The Ladies' Journal
![]() Cover of the December 1915 issue | |
Native name | 婦女雜誌; Fùnǚ zázhì |
---|---|
Categories | Women's magazine |
Frequency | Monthly |
Circulation | 10,000 (1921) |
Publisher | The Commercial Press |
First issue | January 1915 |
Final issue | December 1931 |
Based in | Shanghai, Republic of China |
Language |
|
OCLC | 474968117 |
The Ladies’ Journal (Chinese: 婦女雜誌; pinyin: Fùnǚ zázhì) was a Chinese monthly women's magazine published from 1915 to 1931. Published by the Shanghai-based Commercial Press, the largest publishing house in Republican China, the journal was the longest-lasting and widest-circulating women's magazine during the period, seeing a circulation of around 10,000 copies by 1921. The magazine began publication under the editorship of Wang Yunzhang, who also edited the Fiction Monthly. Described by later commentators as conservative in its early years, the magazine included coverage of domestic issues, women's education, and serialized short stories, mainly of the "Mandarin duck and butterfly" genre of Chinese romantic fiction. Initially written in Classical Chinese, it began to publish some short stories in written vernacular Chinese in 1917, and by 1920 had fully transitioned to vernacular.

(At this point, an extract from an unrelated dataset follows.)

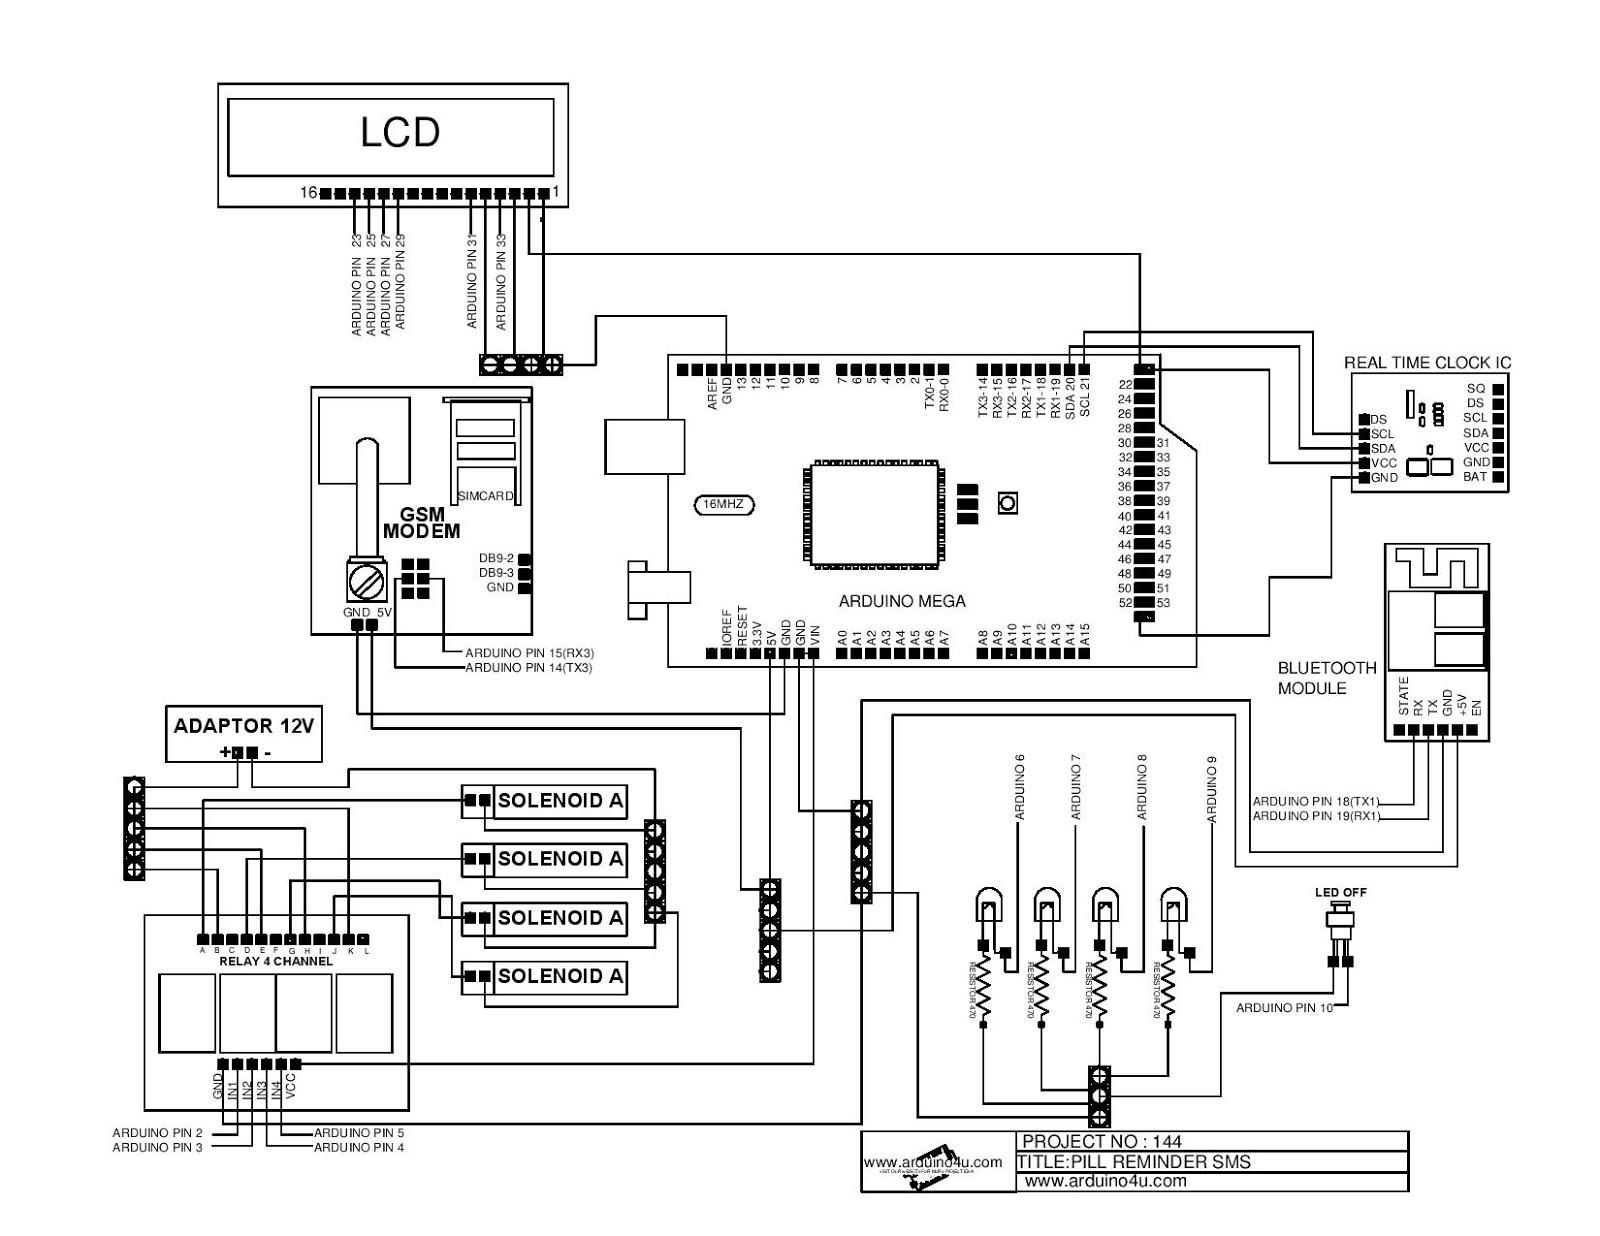 Projek Elektronik Arduino4u 144 Pil Reminder Sms

Accompanying criticisms for its conservative stances and a cultural shift towards feminism among New Culture journals following the May Fourth Movement in 1919, the magazine took a turn towards coverage of social issues and translations of foreign literature, especially after Zhang Xichen became editor-in-chief in 1921. A dedicated liberal feminist, Zhang recruited like-minded contributors to the journal, including his assistant editor Zhou Jianren. A follower of Swedish feminist Ellen Key, Zhang promoted love marriage over arranged marriages and a more open attitude to sexuality. A 1925 special issue on the "new sexual morality" attracted significant backlash. This, alongside political disagreements with the Commercial Press, led to Zhang and Zhou's removal as editors. Zhang established a competitor journal entitled The New Woman, while The Ladies' Journal returned to a more conservative stance and a focus on domestic topics. Already struggling financially due to decreased advertiser investment during the Great Depression, the journal was cancelled after a month-long battle between Chinese and Japanese forces in Shanghai in January 1932 destroyed the Commercial Press headquarters.
Publication history
Although many different women's periodicals were founded in China during the late 1890s and 1900s, none lasted for more than a few years, with most ceasing publication within the year. The self-financed nature of these early publications led to their editors accumulating debt and needing to cancel their magazines. They were informally distributed through peddlers or small bookstores, often resulting in difficulties in collecting the profit. Many saw circulations of only hundreds or a few thousand copies.[1] Early journals tended to focus on feminist issues, advocating for gender equality, women's education, and the abolition of foot binding.[1] The Women's Eastern Times (also known by its Chinese name, Funü Shibao) was a particularly influential and successful women's periodical during the 1910s.[2]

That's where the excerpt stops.